Former railway station in Devon, England

Barnstaple Town railway station was an intermediate station on the L&SWR line to Ilfracombe, England.

==History==

The first station named Barnstaple Town was originally opened as Barnstaple Quay in 1874 and became Barnstaple Town in 1886. It was located in Commercial Road and later formed part of the bus station. The total cost of rebuilding the station in its later location was about £6,000, of which £2,000 was contributed by the L&B.
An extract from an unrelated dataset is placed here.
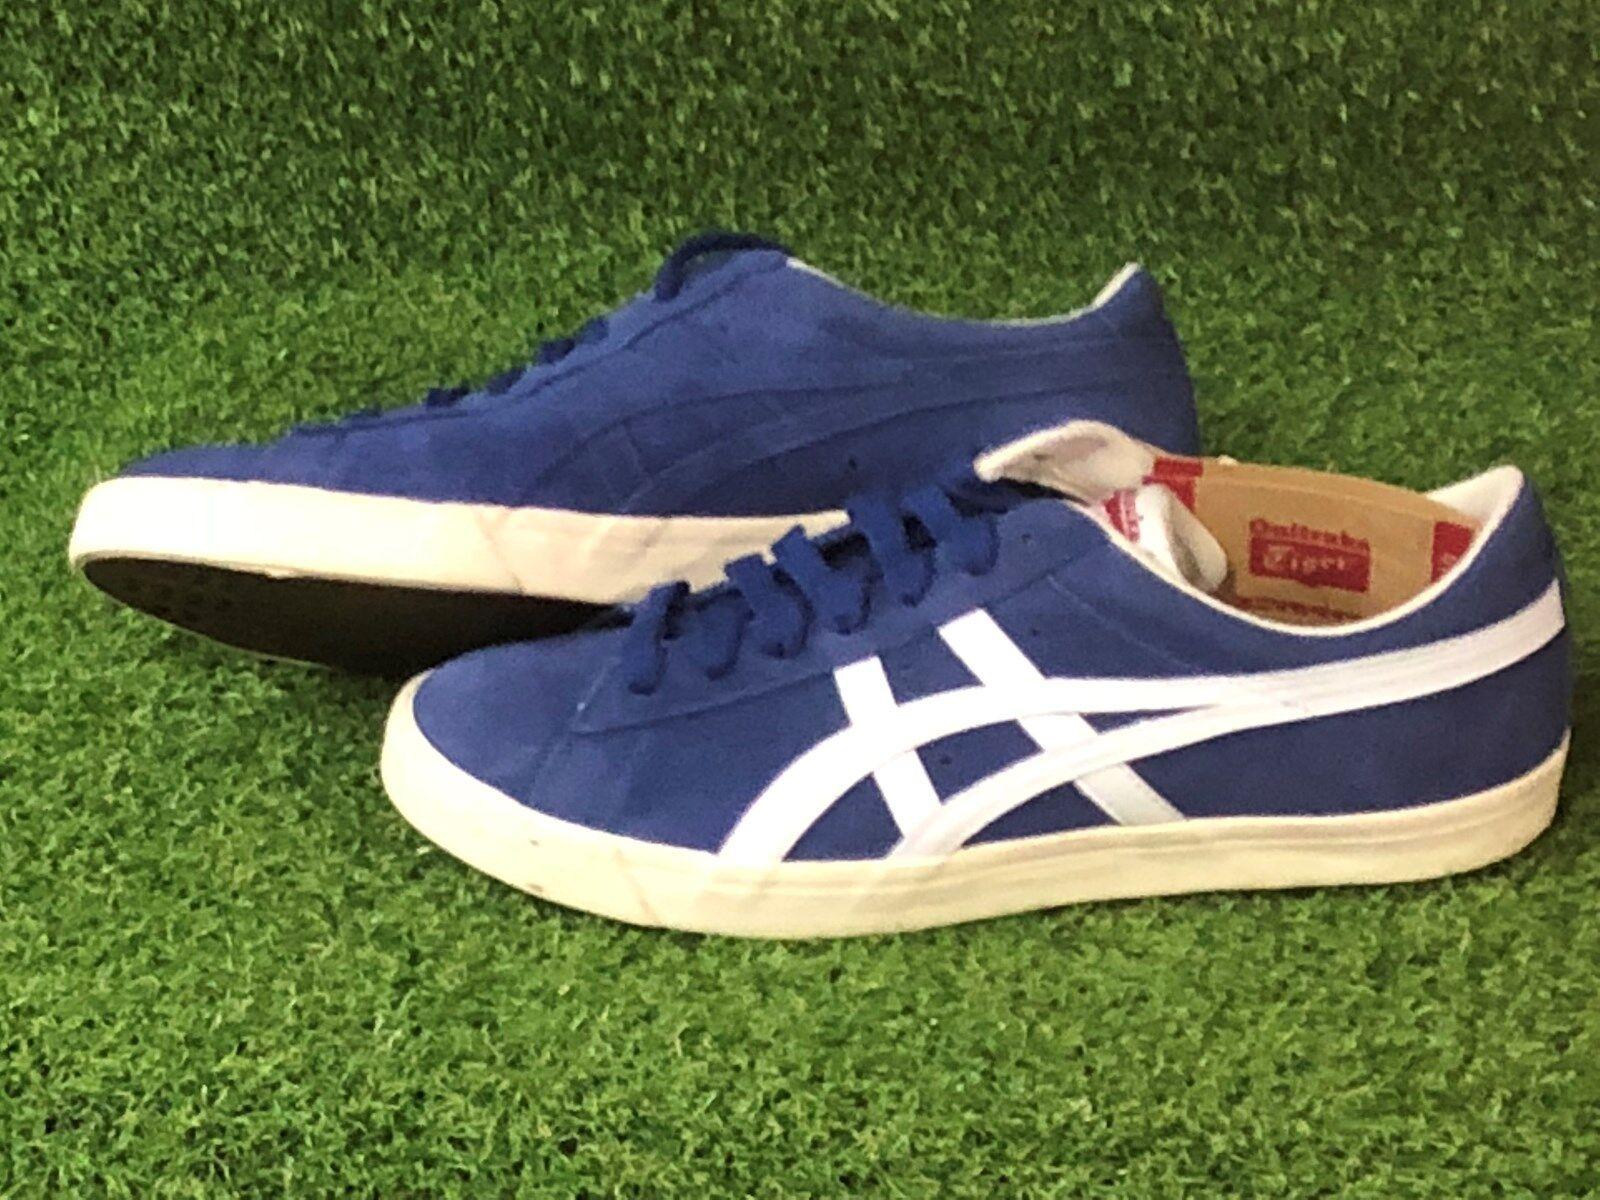 Asics Fabre BL S OG VIN [ Tiger Sneaker Zapatos  [ VIN D221L 5001 ] Gr. 44,5 Neu OVP 342e7d

Opened on 16 May 1898 to serve as the connection to the Lynton and Barnstaple Railway (L&B), a narrow gauge line that ran through Exmoor from Barnstaple to Lynton and Lynmouth in North Devon, a distance by rail of almost 20 miles. Both lines were controlled by separate signal boxes.

Both lines came under Southern Railway ownership in 1923. The L&B signal box was downgraded to a ground-frame and the LSWR signal box took over control of the narrow-gauge line.

The L&B closed in 1935. The main line closed, along with the station, in October 1970.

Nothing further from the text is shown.